*WHAT THIS TASK INVOLVES*
No picture belongs in the answer, which must hold exactly the lines from the one with "Boiserie Trumeau Mirror" through the final line below.

*DATA EXTRACT*
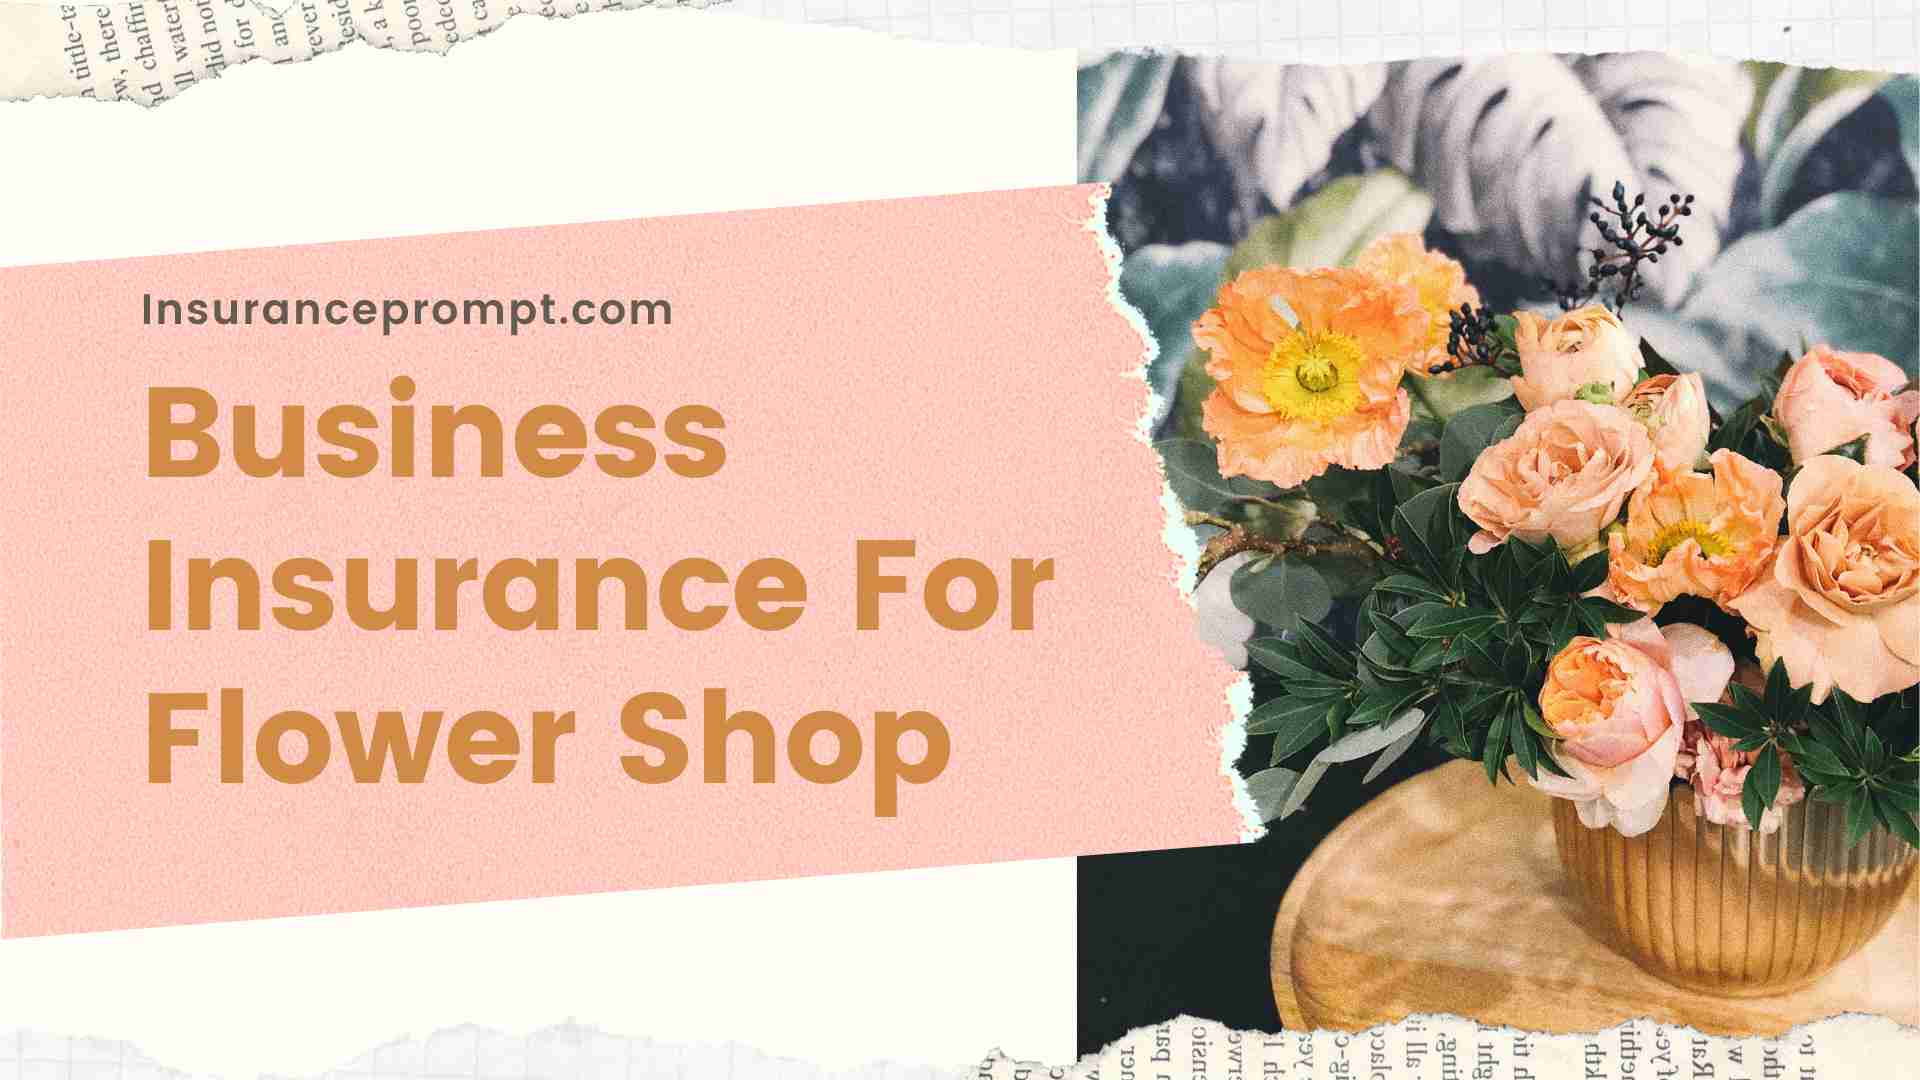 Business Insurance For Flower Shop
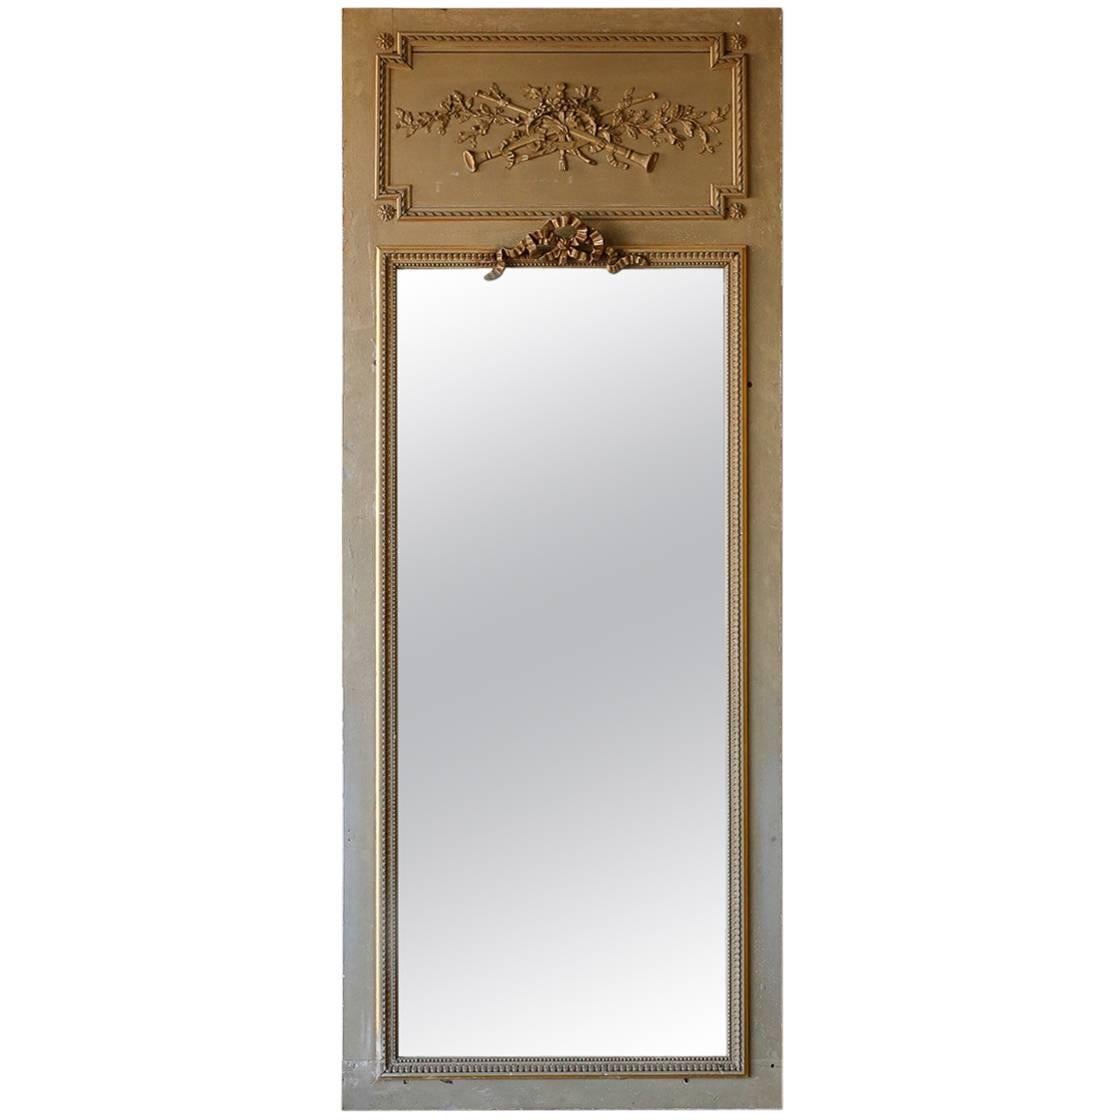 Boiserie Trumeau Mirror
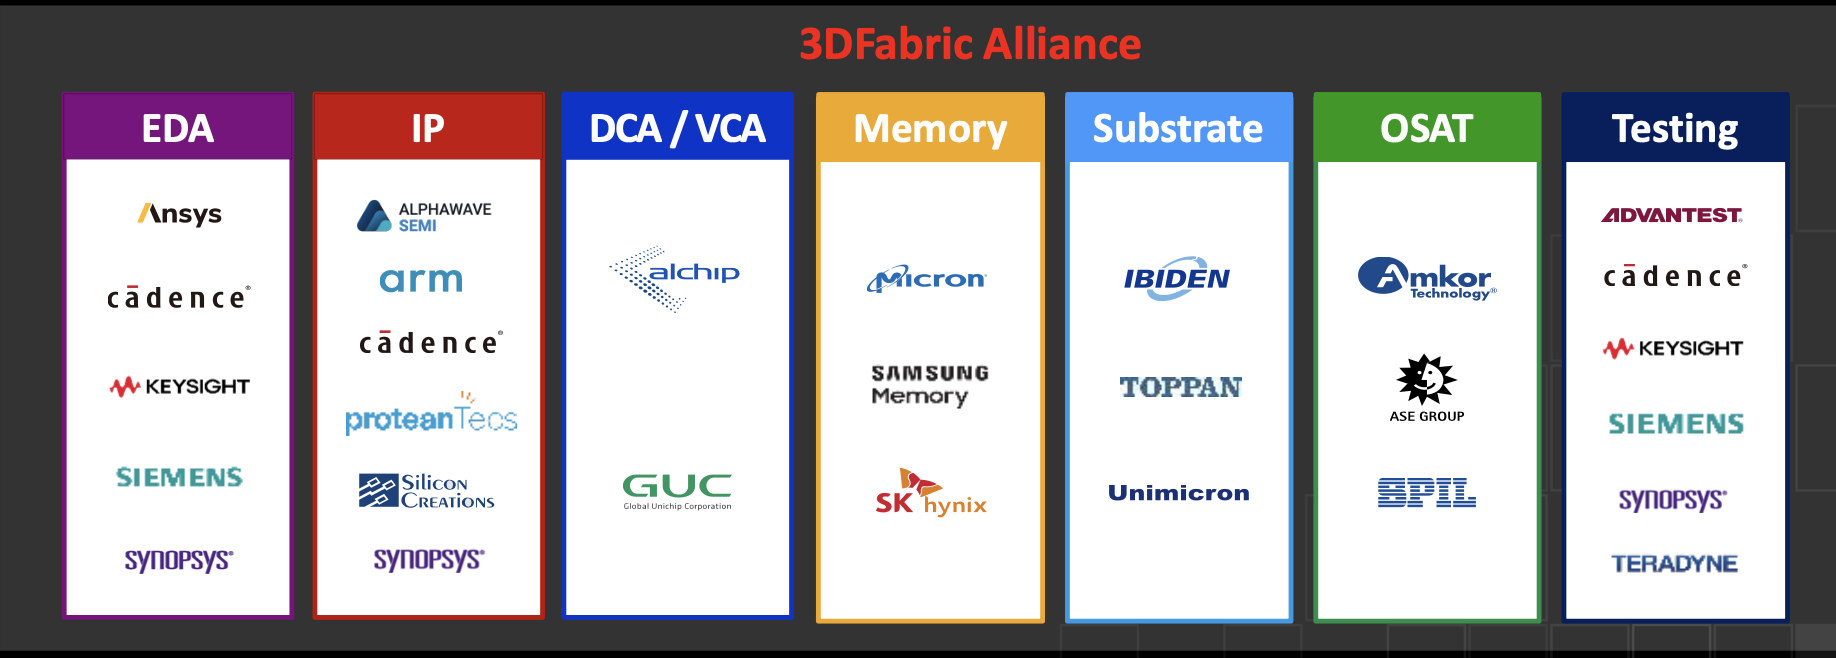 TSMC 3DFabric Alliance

*SOLVED PROBLEM*
 Boiserie Trumeau Mirror
 TSMC 3DFabric Alliance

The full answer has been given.